La catena Miche per la pista con uno spessore maggiore
La catena Miche per la pista sono più spesse rispetto a quelle per la strada

Catene particolari

Anche sul piano delle catene la pista richiede delle caratteristiche particolari, infatti lo spessore è superiore ai 9 millimetri, mentre per una catena da strada sempre prodotta da Miche e compatibile con Shimano a 11 velocità, siamo a 5,5 millimetri. Paolo Bisceglia ci ha anticipato che: «In ottica 2021 stiamo lavorando ad un nuovo tipo di catena, che stiamo sviluppando proprio in questo periodo». Anche se abbiamo insistito per farci dire qualcosa di più, da Miche non vogliono svelare troppi dettagli di questa nuova catena. Ma le novità non finiscono qui.

Miche Attiva

«Stiamo chiudendo in questi giorni l’accordo per il rinnovo con la nazionale italiana – continua Paolo Bisceglia – e vi posso dire che quasi certamente forniremo agli azzurri anche la nostra ultima novità, che è la guarnitura Attiva Pista, con il potenziometro SRM integrato». Certamente sarà una bella novità che verrà apprezzata dai nostri pistard e che offre una serie di vantaggi: «Avendo il misuratore di potenza SRM ha il vantaggio che una volta tarata non ha più bisogno di ulteriori regolazioni, anche se si dovessero sostituire la lunghezza delle pedivelle o la corona per cambiare rapporti». Questo è un bel vantaggio soprattutto in pista dove i rapporti vengono cambiati spesso a seconda delle molteplici variabili che sono in gioco.
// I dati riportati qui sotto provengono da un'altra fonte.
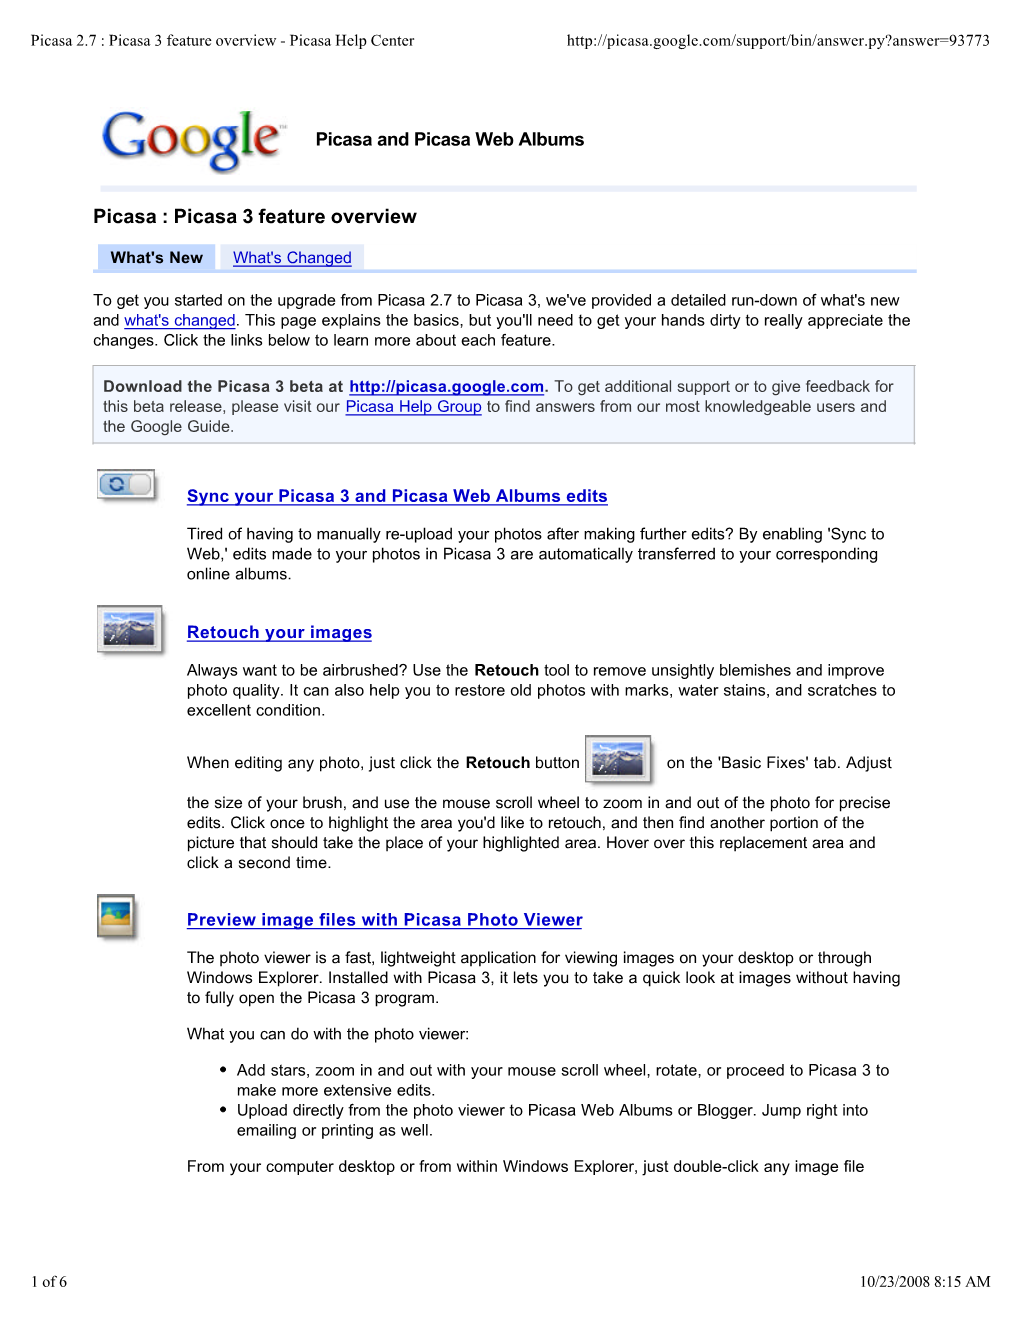 Picasa 3 Feature Overview - Picasa Help Center

La nuova guarnitura Attiva Pista con misuratore di potenza SRM
La nuova guarnitura Attiva Pista con misuratore di potenza SRM

E sulla strada?

Abbiamo chiesto a Paolo Bisceglia che 2021 sarà per Miche a livello di presenza nel mondo professionistico: «Per il prossimo anno collaboreremo con l’Androni Giocattoli a cui forniremo le ruote Supertype da 38 e 50 millimetri di profilo nella versione per tubolari con freni a disco. Oltre a queste ruote forniamo anche la Supertype da 40 millimetri di profilo però per copertoncino che i ragazzi possono usare sia in allenamento che in gara. Per le cronometro gli forniremo la lenticolare come posteriore e all’anteriore le ruote da 50 e da 88 millimetri. In questo caso sono per freni tradizionali, perché le bici da crono non hanno i dischi».

Simon Pellaud in azione con le Supertype di Miche
Simon Pellaud in azione alle Strade Bianche con le Supertype di Miche

I pro’ sono il banco di prova

Infine, abbiamo chiesto se Miche utilizza queste collaborazioni per sviluppare nuovi prodotti e farli testare ai corridori «Noi sviluppiamo e testiamo i nostri prodotti internamente, e forniamo alle squadre dei materiali che sono sicuri e affidabili, oltre che prestazionali. Per noi la sicurezza viene prima di tutto. Ovviamente riceviamo i feedback dai professionisti che sono il nostro banco di prova, se vanno bene a loro allora vuol dire che abbiamo lavorato bene».